Ungheria. Salvini con Viktor Orbán in visita alla barriera antimigranti
Forse a mancare sono state solo le pacche sulle spalle con l’amico Viktor Orbán, per il resto il film della propaganda sovranista visto ieri a Budapest contiene tutto il repertorio di retorica, frasi fatte e promesse che ci si può attendere da due leader in campagna elettorale. Matteo Salvini che appena sceso dall’aereo sale sorridendo su un elicottero e si dirige verso il confine tra Ungheria e Serbia, proprio dove il premier magiaro quattro anni fa, quando la guerra civile siriana provocò la fuga di centinaia di migliaia di profughi, fece costruire la prima barriera – lunga 175 chilometri e alta quattro metri – che ancora oggi l’Europa vive come una vergogna ma che Orbán considera come il muro che ha fermato «l’invasione» di migranti. E poi, sempre a favore di telecamere e obiettivi dei fotografi, ecco Salvini che con Orbán accanto scruta il confine con un binocolo. «Mi complimento per come in poco tempo, in modo rapido e incisivo, l’Ungheria abbia presidiato 600 chilometri di confini. L’Italia ha una posizione identica», commenta soddisfatto il ministro alla fine del sopralluogo.
Più che una visita, quella di Salvini in Ungheria è una scommessa su un futuro che è ormai dietro l’angolo. L’incontro tra due leader che in patria hanno il vento nelle vele ma in Europa sono messi all’angolo. Non è infatti degli avversari interni che i due devono preoccuparsi. I sondaggi danno il Carroccio sempre in crescita mentre non più tardi di una settimana fa – stando a quanto reso noto dal Fidesz, il partito di Orbán – un milione di ungheresi avrebbe aderito al programma anti-migranti del premier magiaro ideatore delle democrazia illiberale.
L’incognita vera per entrambi riguarda cosa accadrà il 26 maggio, quando si voterà per rinnovare l’europarlamento. E soprattutto che ruolo avrà il Ppe nel tentativo di costruire «un’Europa più a destra» di quella di oggi. «Confidiamo che la nuova Europa dal 27 maggio proteggerà le sue frontiere esterne, perché il problema non è redistribuire i migranti ma evitare che ne arrivino», spiega il ministro leghista.

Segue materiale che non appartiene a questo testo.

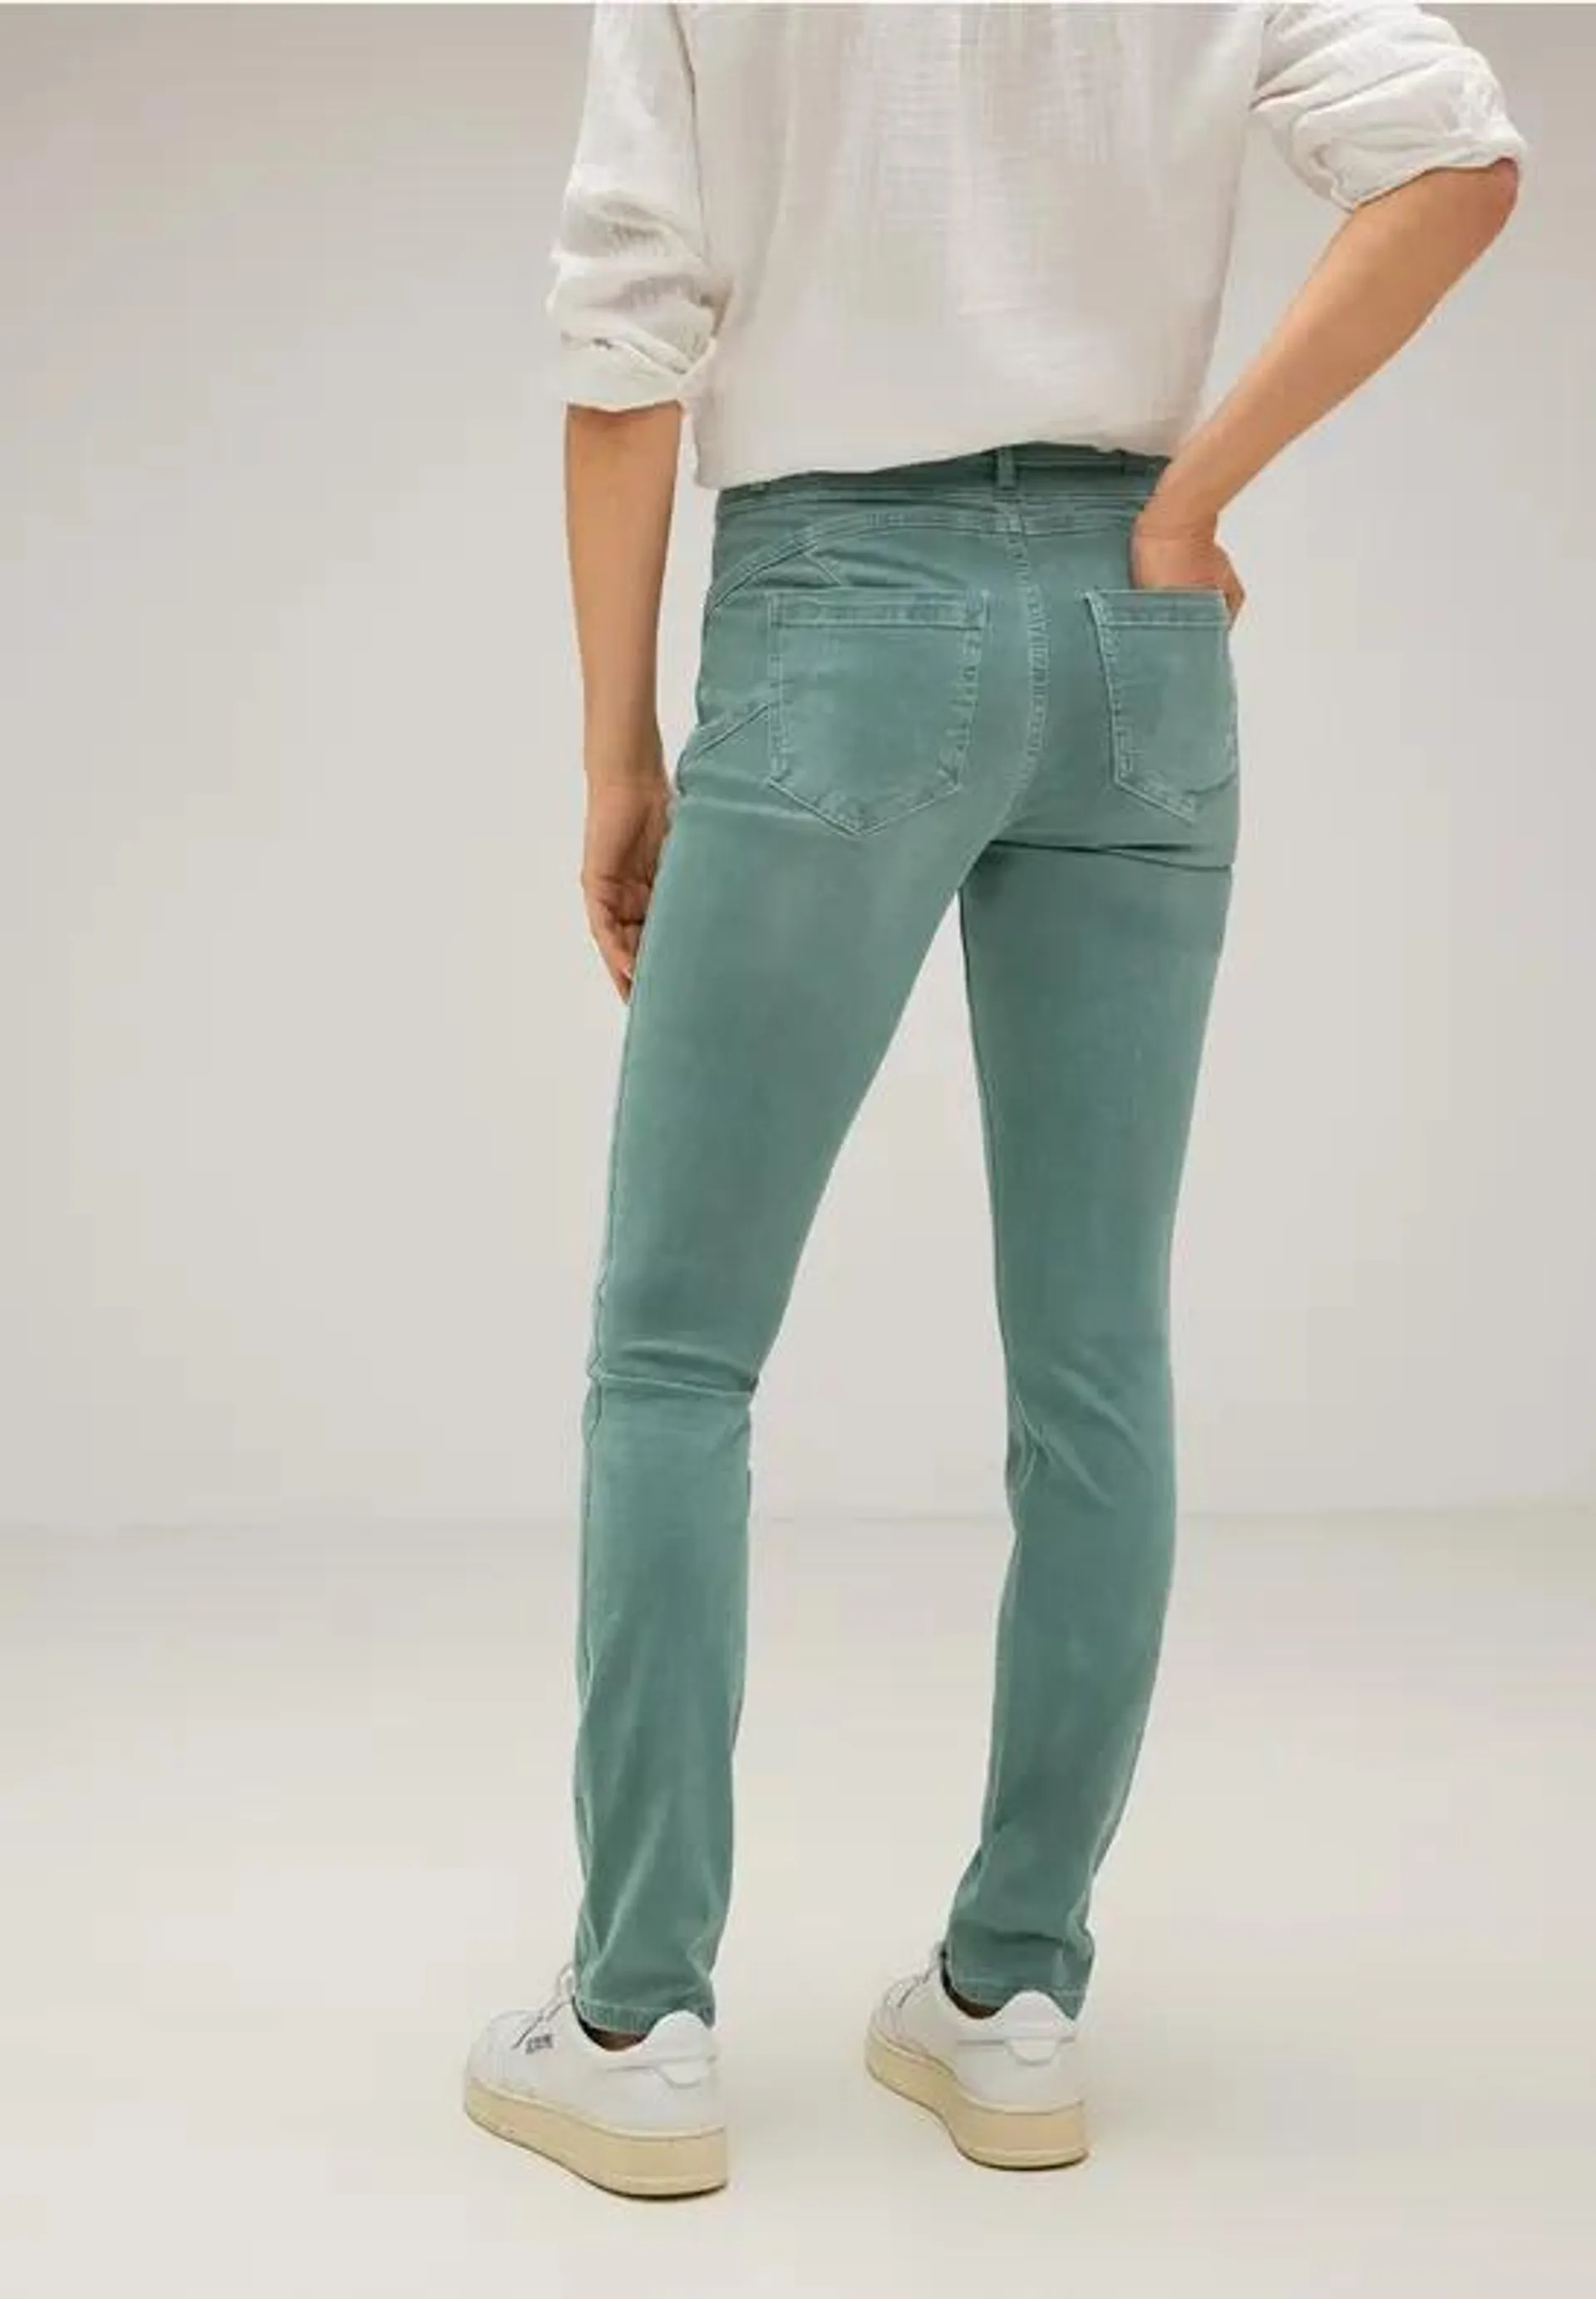 Slim-fit color jeans

Orbán approva, ma sebbene il Fidesz a Bruxelles sia sospeso da marzo, a lasciare il Ppe, come vorrebbe Salvini, non ci pensa neppure. Semmai se ne riparla dopo il voto, spiega il premier ungherese, i cui programmi prevedono al massimo un’alleanza con il gruppo che il leghista sta mettendo su insieme ad alcune altre forze nazionaliste europee. Per quanto riguarda il Ppe, la speranza di Orbán è di riuscire a condizionarne la politica: «Deve guardare a destra, ad esempio al partito del signor Salvini», afferma. « Dobbiamo cercare i nostri alleati tra chi è contro l’immigrazione, ma ora il Ppe è diviso e noi siamo in minoranza».
E’ un po’ come rivedere a Budapest le scene viste a Milano il 28 agosto scorso, quando fu Orbán a venire in Italia per incontrare Salvini e se ripartì senza aver concesso praticamente niente al leader del Carroccio. Insomma, colpire insieme va bene, purché si continui a marciare separati. Nel frattempo si va avanti con proposte già sentite e per ora archiviate, come quella di aprire fuori dai confini dell’Unione europea centri di identificazione dei migranti o la minaccia di rivedere gli accordi commerciali con i paesi extraeuropei che non agevolano il rimpatrio dei loro cittadini.
A sottolineare l’isolamento dei due leader nazionalisti ci sono i commenti all’incontro che arrivano dall’Europa. Annegret Kramp-Karrenbaur, leader della tedesca Cdu non usa giri di parole per avvertire Orbán che se dovesse entrare nell’alleanza creata da Salvini per lui «non sarà più possibile tornare nel Ppe». Insolitamente duro anche Jean Claude Juncker: «Gli entusiasti del nazionalismo stupido dovranno pagare un prezzo», dice il presidente della Commissione europea mentre Manfred Weber, candidato per i popolari a sostituire proprio Juncker alla guida della Commissione, smorza le speranza di Orbán di riuscire a condizionare le politiche del Ppe: «Orbán non ha più impatto sulle politiche del Ppe».
L’incontro di Budapest è anche l’occasione per un nuovo scontro all’interno della maggioranza gialloverde. Ad attaccare è direttamente Luigi Di Maio: «Non ha senso – dice il capo politico dei 5 Stelle – che viene qui in Italia come fa la Lega a dire combattiamo l’austerity e poi ti allei con forze come quella di Orbán che quando facevamo la guerra all’austerità chiamavano Juncker per chiedere più austerità per l’Italia»,.